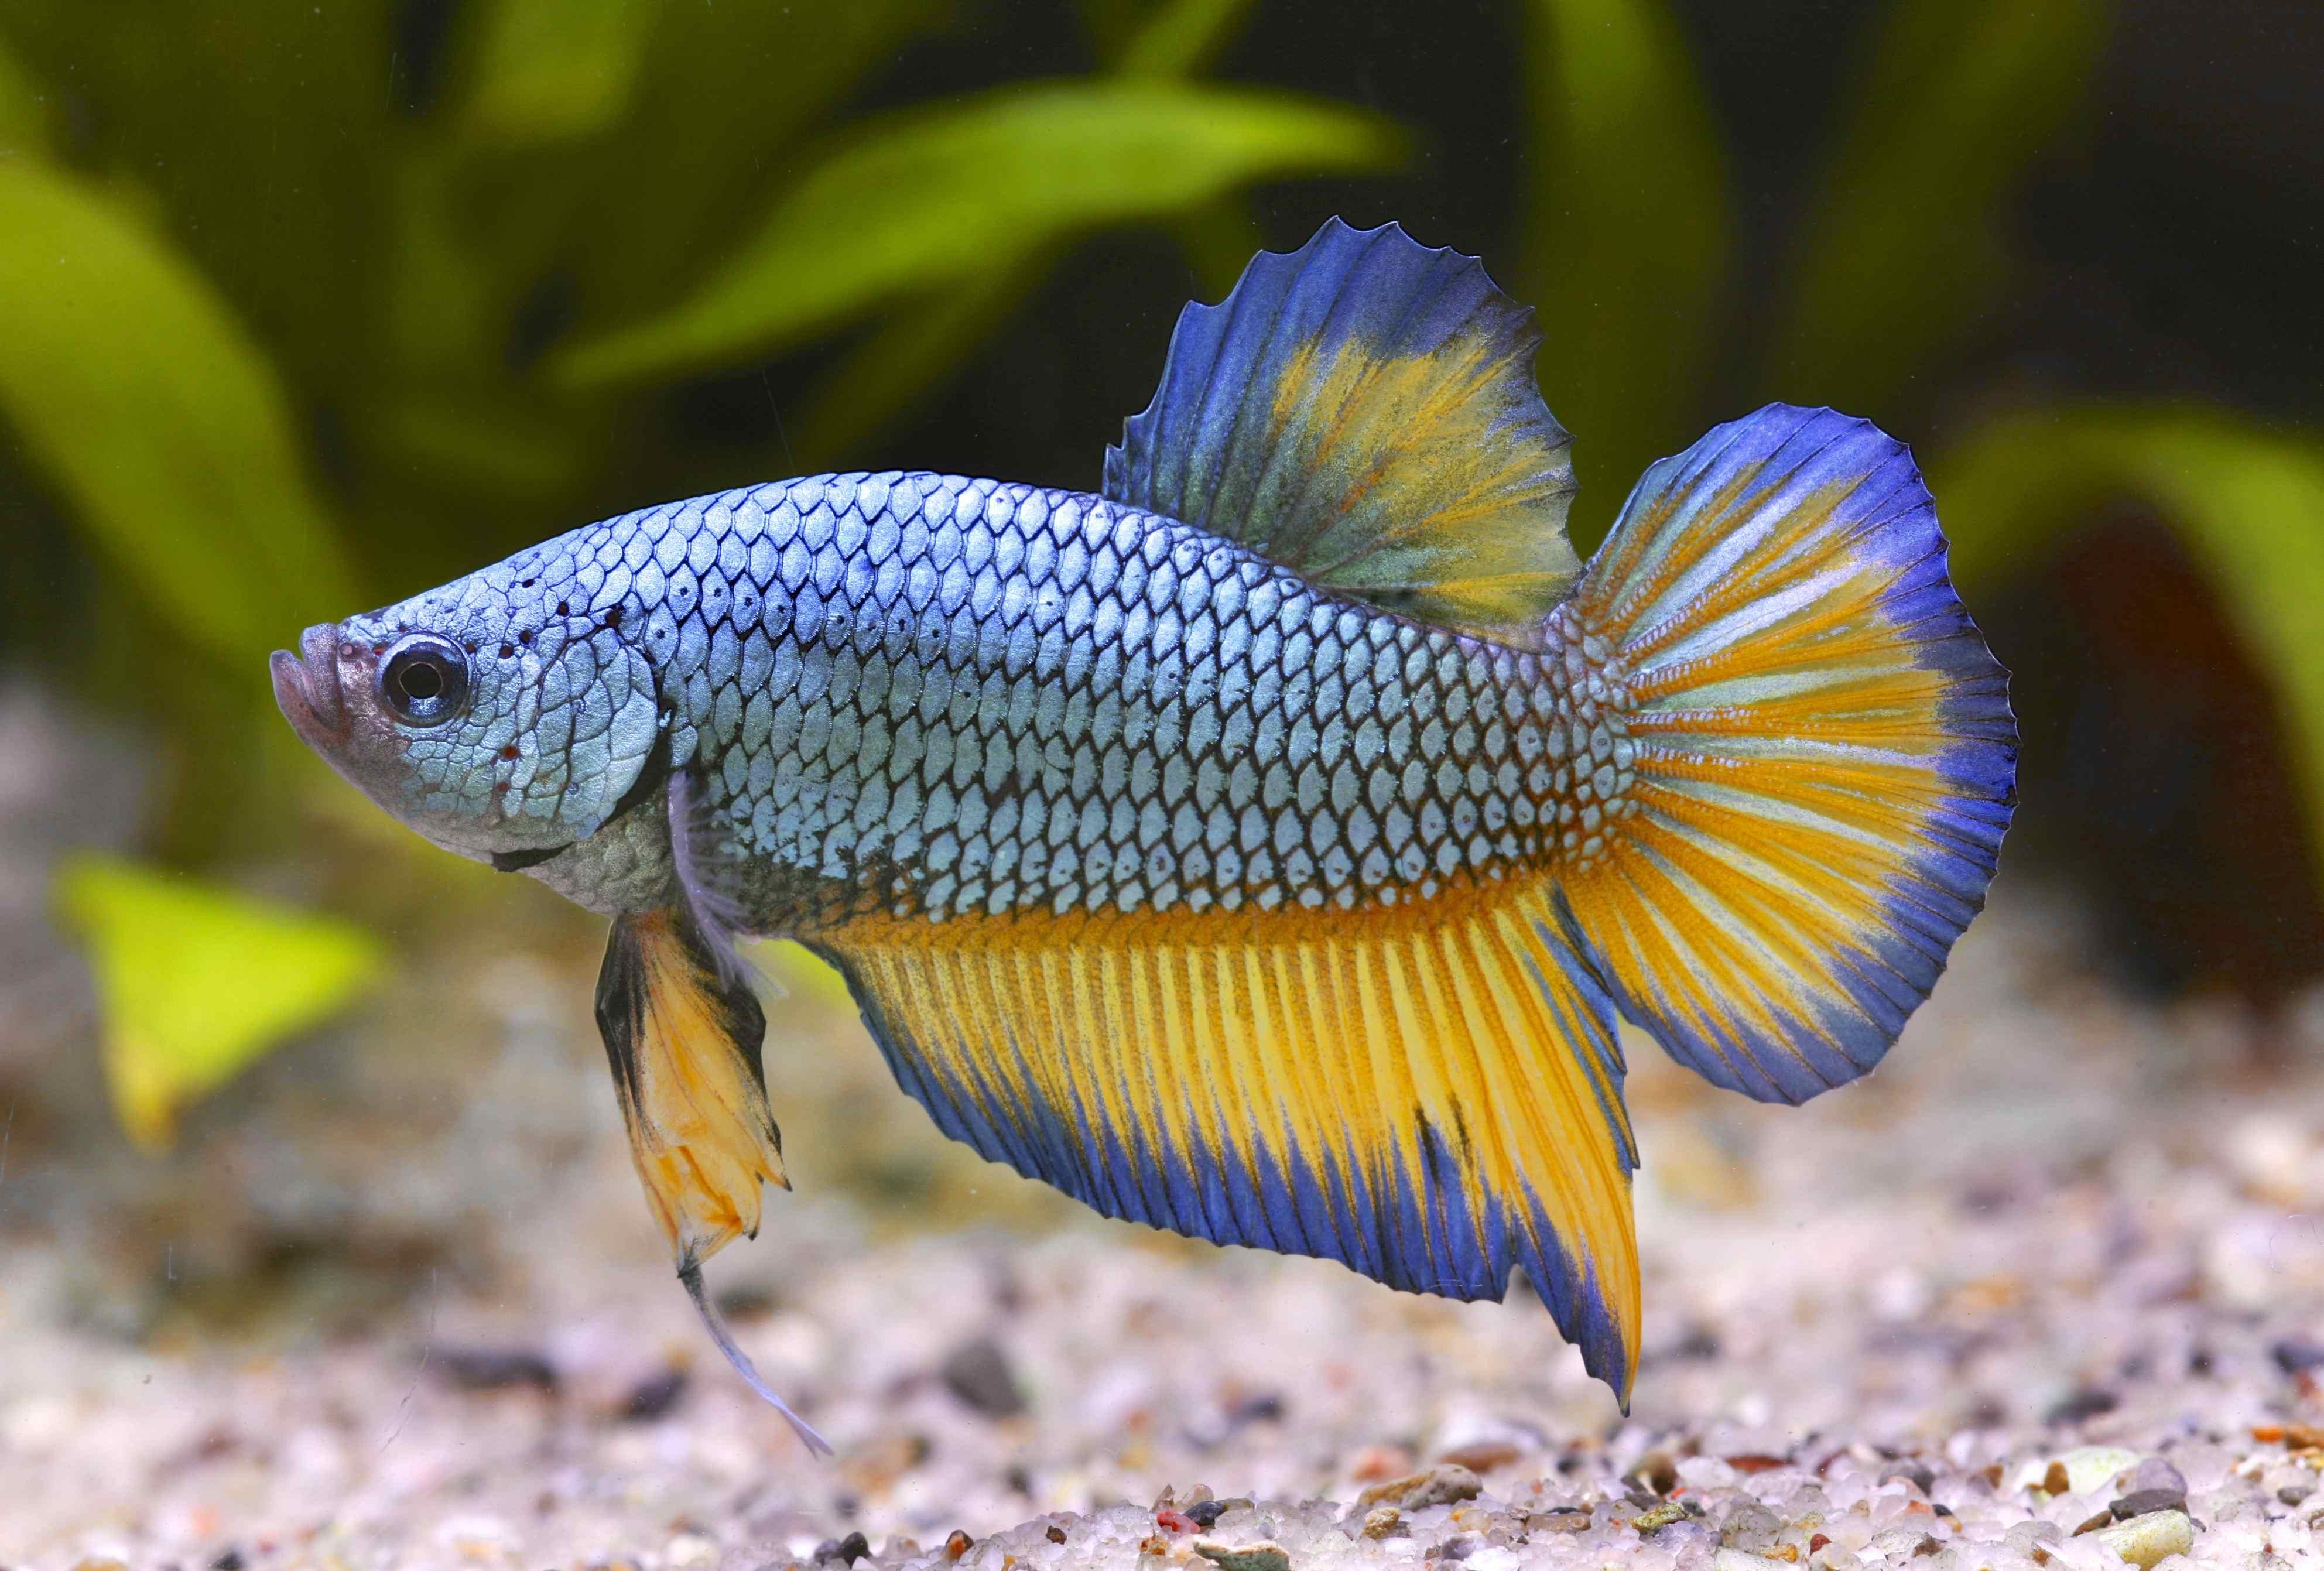 Cl10 zierfisch zentrum zierfisch zentrum for Zierfische aquarium
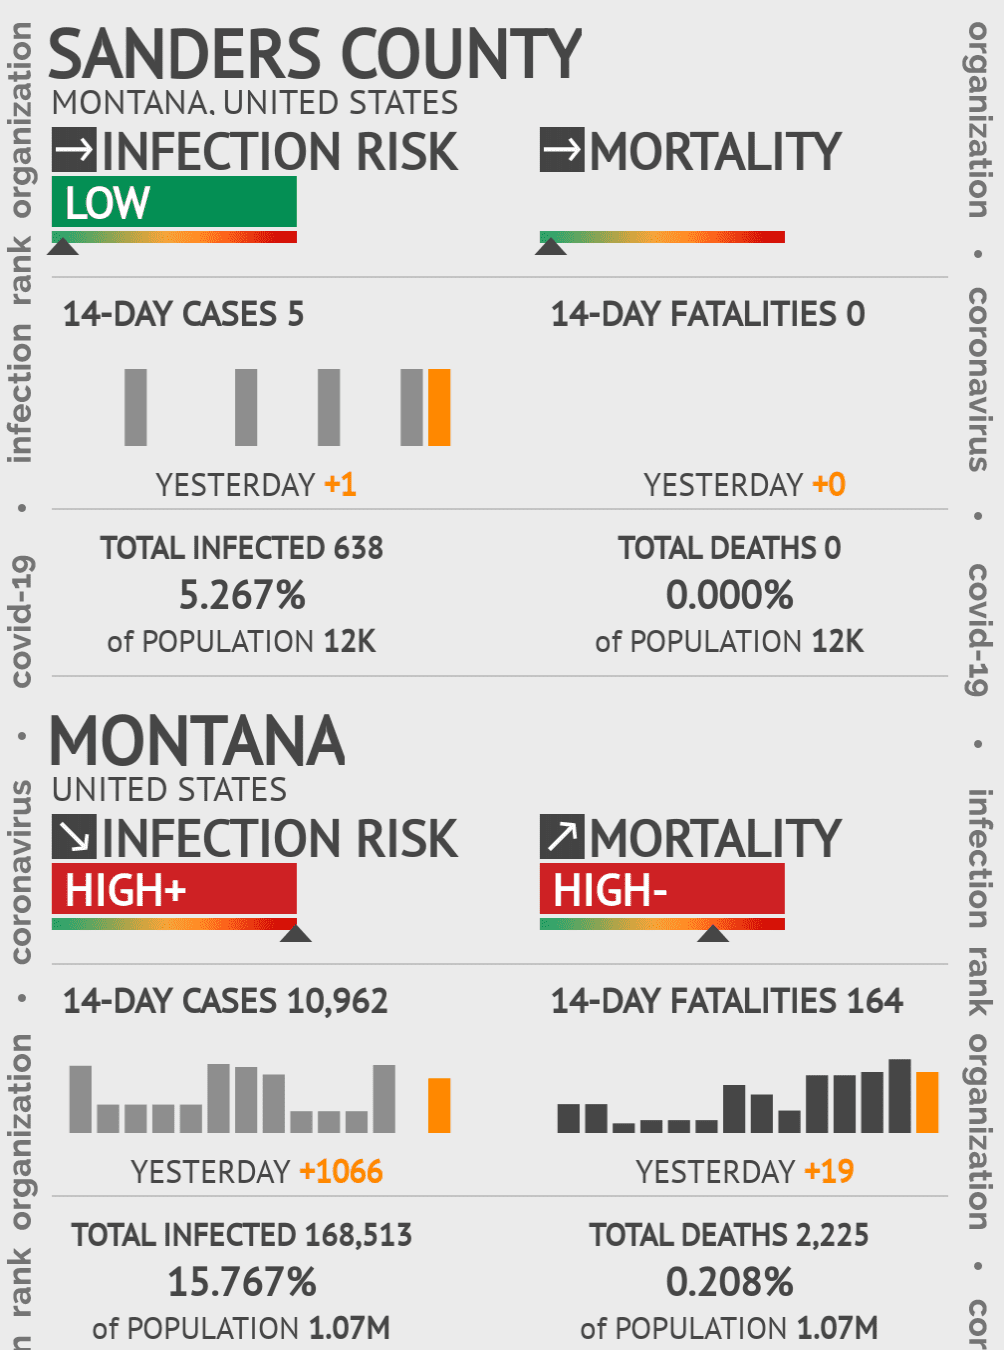 Sanders County Coronavirus Covid-19 Risk of Infection on February 25, 2021
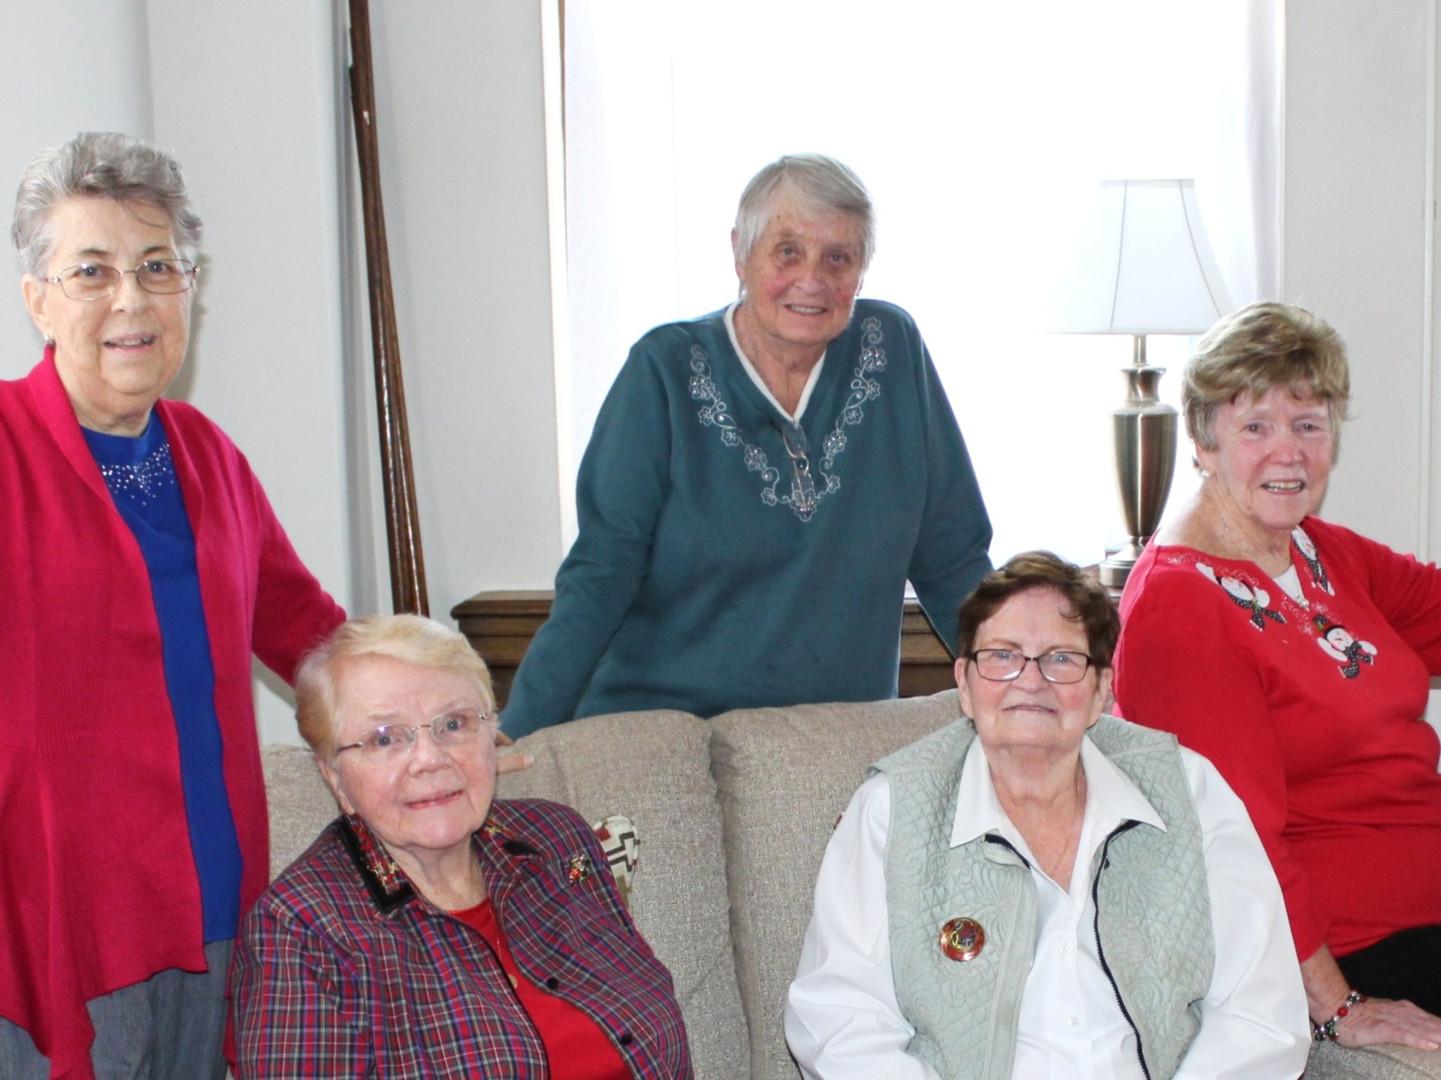 Sisters Joan Smith, Bernadette Burke, Mary Malone, and Alice Kirk

· · · · ·

== EXERCISE GOAL ==
Output the material above exactly, without pictures.

== EXERCISE RESULT ==
 Cl10 zierfisch zentrum zierfisch zentrum for Zierfische aquarium
 Sanders County Coronavirus Covid-19 Risk of Infection on February 25, 2021
 Sisters Joan Smith, Bernadette Burke, Mary Malone, and Alice Kirk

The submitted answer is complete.